# dask.bag

Bag: Parallel Lists for semi-structured data

Dask-bag excels in processing data that can be represented as a sequence of arbitrary inputs. We'll refer to this as "messy" data, because it can contain complex nested structures, missing fields, mixtures of data types, etc.

Messy data is often encountered at the beginning of data processing pipelines when large volumes of raw data are first consumed. The initial set of data might be log files, or data stored in JSON, CSV, XML, or any other format that does not enforce strict structure and datatypes. For this reason, the initial data massaging and processing is often done with Python lists, dicts, and sets.

These core data structures are optimized for general-purpose storage and processing.
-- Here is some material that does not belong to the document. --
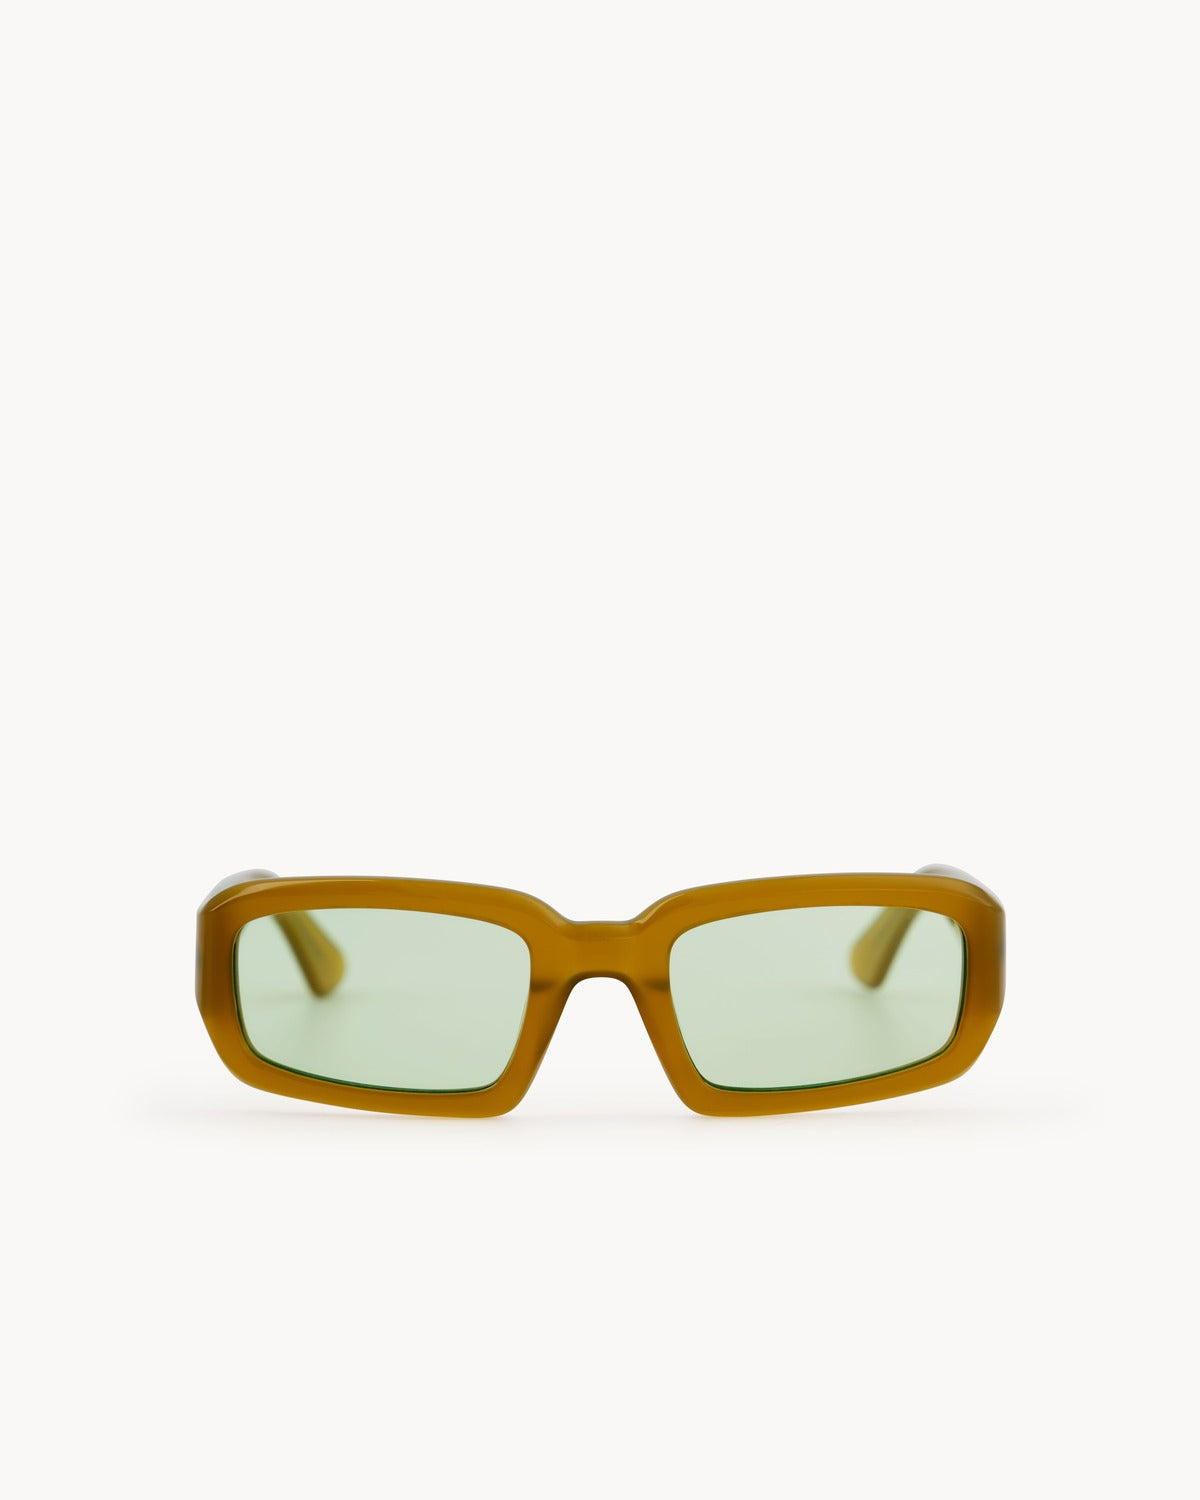 Port Tanger Mektoub Sunglasses in Yellow Ochra Acetate and Mint Lenses 1

Adding streaming computation with iterators/generator expressions or libraries like itertools or toolz let us process large volumes in a small space. If we combine this with parallel processing then we can churn through a fair amount of data.

Dask Bag implements operations like `map`, `filter`, `groupby` and aggregations on collections of Python objects. It does this in parallel and in small memory using Python iterators.

Full API documentation is available here: http://docs.dask.org/en/latest/bag-api.html

## An aside about dirty, unstructured data from web/REST APIs

The term `REST API` is used a lot to mean a number of things. REST means [Representational State Transfer](https://en.wikipedia.org/wiki/Representational_state_transfer). Most people take REST to mean "a web host that gives me data in JSON format" (and JSON means [Javascript Object Notation](https://en.wikipedia.org/wiki/JSON)). This technically isn't accurate, but you will often hear people use the terms `REST API` and `web API` interchangably.

As an example, the Compute Canada docunentation has a web API for doing searches and fetching answers in a machine readable format. For example, visit this page:

<https://docs.computecanada.ca/mediawiki/api.php?action=query&list=search&srsearch=Python&format=json>

Python has a library for fetching and parsing data from web APIs called `Requests`. Below is an example of using requests to fetch this same data from the Compute Canada documentation:

In [1]:
import requests

r = requests.get('https://docs.computecanada.ca/mediawiki/api.php?action=query&list=search&srsearch=Python&format=json'
)

# We should always check the response status code coming from the server ... 200 is the one we want from a GET request
r.status_code

200

In [2]:
# Decode the JSON response from the server into something Python understands ...
data = r.json()
data

{'batchcomplete': '',
 'query': {'searchinfo': {'totalhits': 7},
  'search': [{'ns': 0,
    'title': 'Python',
    'pageid': 618,
    'size': 30470,
    'wordcount': 4439,
    'snippet': "...hy stressing the readability of code. Its syntax is simple and expressive. <span class='searchmatch'>Python</span> has an extensive, easy-to-use standard library.\n...in their own directories. However, most systems offer several versions of <span class='searchmatch'>Python</span> as well as tools to help you install the third-party packages that you need\n",
    'timestamp': '2024-10-17T19:35:58Z'},
   {'ns': 0,
    'title': 'Python/en',
    'pageid': 2586,
    'size': 29110,
    'wordcount': 4217,
    'snippet': "...hy stressing the readability of code. Its syntax is simple and expressive. <span class='searchmatch'>Python</span> has an extensive, easy-to-use standard library.\n...in their own directories. However, most systems offer several versions of <span class='searchmatch'>Python</span> as we

In [3]:
# The output is a python dict
type(data)

dict

In [4]:
# We can check out the keys of the dict
data.keys()

dict_keys(['batchcomplete', 'query'])

In [5]:
# But better yet, we can explore the data to narrow down on the information we want
data['query']['search'][0]['title']

'Python'

In [6]:
data['query']['search'][0]['snippet']

"...hy stressing the readability of code. Its syntax is simple and expressive. <span class='searchmatch'>Python</span> has an extensive, easy-to-use standard library.\n...in their own directories. However, most systems offer several versions of <span class='searchmatch'>Python</span> as well as tools to help you install the third-party packages that you need\n"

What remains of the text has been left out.